Tashas’ Natasha Sideris on reopening restaurants, lessons from Dubai
Natasha Sideris. (Photo: supplied)

‘All we are saying, is give us a chance.’ It sounds like a line from the anti-war song sung in 1969 by John Lennon and Yoko Ono, but actually it’s Natasha Sideris, founder of Tashas chain of restaurants, who is no less passionate about her cause.

While a large swathe of South African society prepares to move to Lockdown Level 3 on Monday 1 June, including religious groupings of no more than 50 people, restaurants will have to cool their heels a while longer.

Under the government’s current planning, restaurants will be able to reopen when the country moves to Level 1, which is unlikely to be before the end of the year.

If this is the case, says Sideris, then the industry, which numbers 13,000 sit-down restaurants, employs 500,000 people directly and supports tens of thousands of small farmers and other suppliers and service providers, will halve in size.

“You have to understand, restaurants in South Africa were already living hand to mouth before the lockdown. They have no savings, no cash balances on their books – it is impossible to save when you are earning a margin of 7% to 8%.”

While restaurants are currently able to deliver takeaways to customers, most sit-downs have not opened up for this service, and that includes all 17 Tashas eateries.

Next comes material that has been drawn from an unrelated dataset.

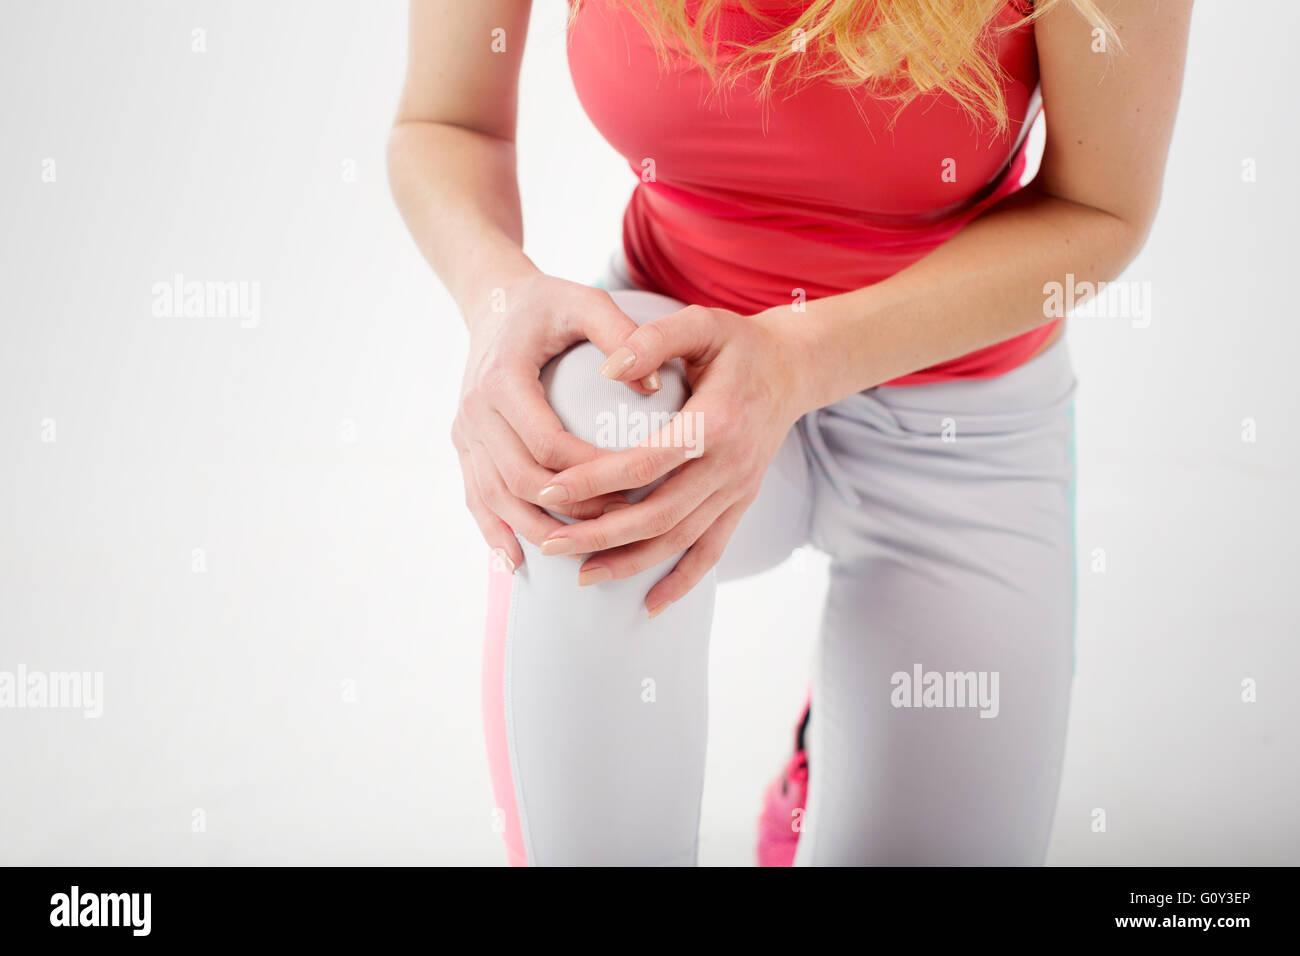 Nahaufnahme der Sportlerin in Fitnesskleidung holding Knie Schmerzen Stockfoto

“My franchisees are desperate to reopen, but when we sit together and look at the costs, it is not worth it,” she says. Sit-down restaurants operate with very high costs, narrow margins and high debt levels and, most importantly, rely on a minimum turnover to service these costs and debt.

Sideris owns 49% of Tashas, with the JSE-listed Famous Brands owning the balance. Of the 17 restaurants in the chain, she owns three, with the others owned by franchisees. The reason for retaining three, she says is because “it is important that I understand a franchisee’s pain”.

Not one who is prone to sitting around, Sideris is one of the drivers behind the Restaurant Collective, an association of sit-down restaurants that is lobbying the government to be allowed to open up on Level 3. Others who have lent their voices to the collective include Desmond Mabuza of Signature restaurant and Grace Harding, CEO of Ocean Basket.

“All we are saying is give us a chance; we understand our business, we know how to open safely and responsibly, let us take responsibility for this,” says Sideris.

Restaurants do not have to be vectors for transmission if you observe the guidelines – regular sanitising, maintaining a distance between diners, and the wearing of masks by staff and patrons (though the diner can remove their mask once seated).

“We are sharing all of this information with others in the collective; some don’t know what to do and we are making it easier,” she says.

Sideris already has some experience of opening restaurants under lockdown conditions – and of negotiations with government officials.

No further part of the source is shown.